Additionally, the office has focused on inconsistencies between the statements made by Özal's doctor and his family members regarding the initial failure to perform an autopsy. Özal's doctor, Cengiz Aslan, claimed that the family of the former president did not request an autopsy, but the Özal family denies this claim.

Former Health Minister Halil Şıvgın, who was in office during Özal's term as president, spoke to the private Cihan news agency and said the circumstances surrounding the former president's death makes one think that some circles "took all measures in order not to allow Özal to live." "A doctor should have been at the [presidential] palace at the time when Özal had a heart attack, but there was no doctor there. It was Özal's aide who rendered him first aid. Özal should have been taken to a hospital, but there was no fully-equipped ambulance at the palace. The ambulance dated from the 1970s and had mechanical problems. The [late] president should have been taken to the closest hospital. But they picked the furthest hospital, the Gülhane Military Academy of Medicine [GATA]. Then they changed their mind on the road, and drove to Hacettepe. But they did not enter the hospital from the emergency building and lost five or six minutes around the building. I call it all negligence. Prosecutors should investigate if there is an ulterior motive in this negligence," he stated.

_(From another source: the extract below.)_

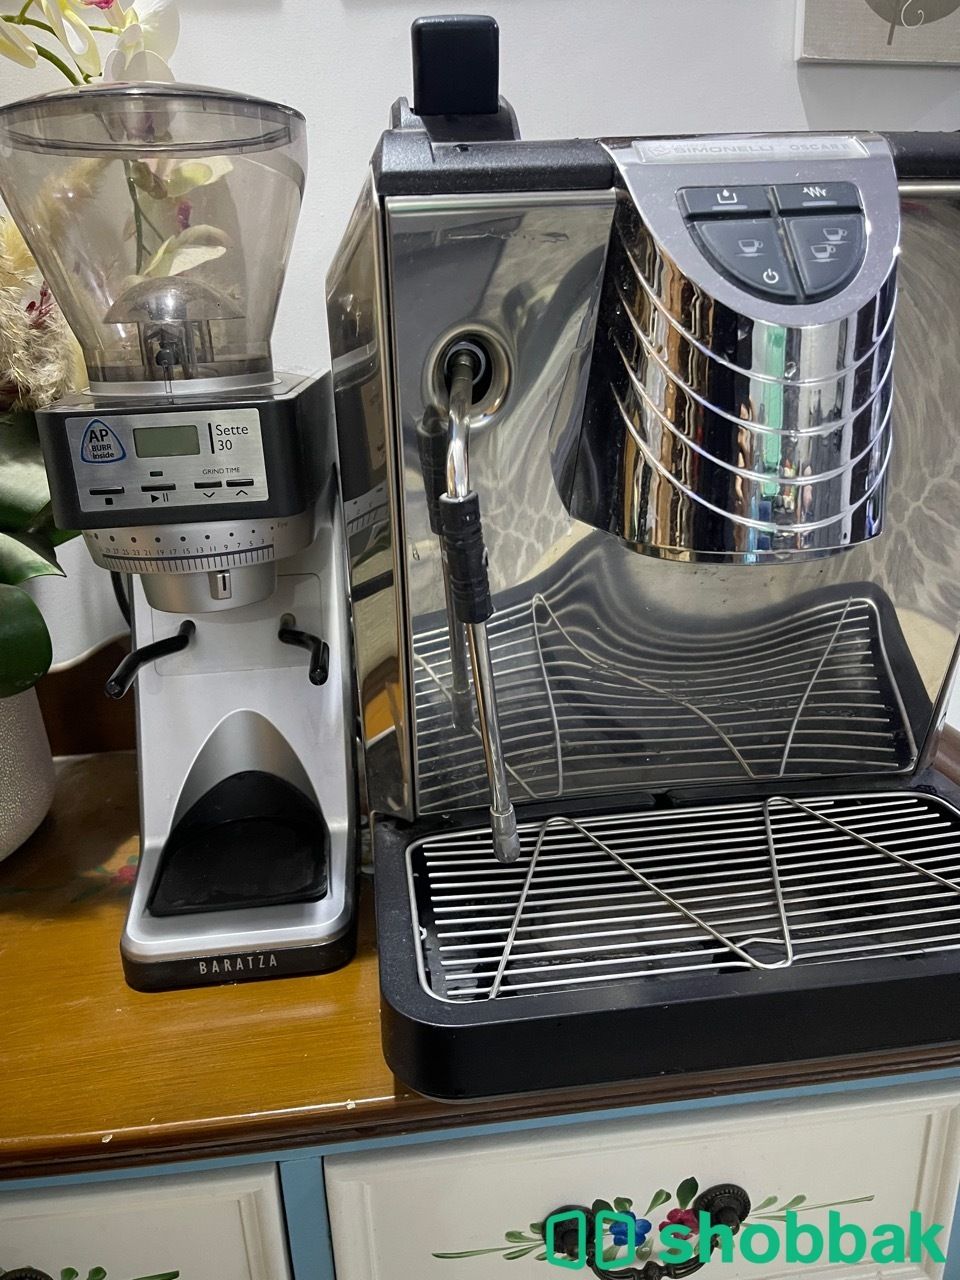 مكينة قهوة نوفا اوسكار 2 + طاحونة Shobbak Saudi Arabia

The Republican People's Party (CHP), however, found Bugün's claims "suspicious." CHP Konya deputy Atilla Kart said his party is approaching the said ATK report with question marks in its mind due to the institute's "wrongful findings" in past occasions.

After a period of military rule following the country's 1980 coup, Özal dominated Turkish politics as prime minister from 1983-89, after which Parliament elected him president. While prime minister, Özal survived an assassination attempt by a right-wing gunman in 1988 when he was shot at a party congress, suffering only a wound to his finger.

Seen as a visionary who helped shape modern Turkey with free market economic policies, Özal also lent firm support to the West, backing the US-led coalition that expelled Iraq from Kuwait in 1991.

Özal led Turkey out of military rule in the 1980s and drove far-reaching economic reform.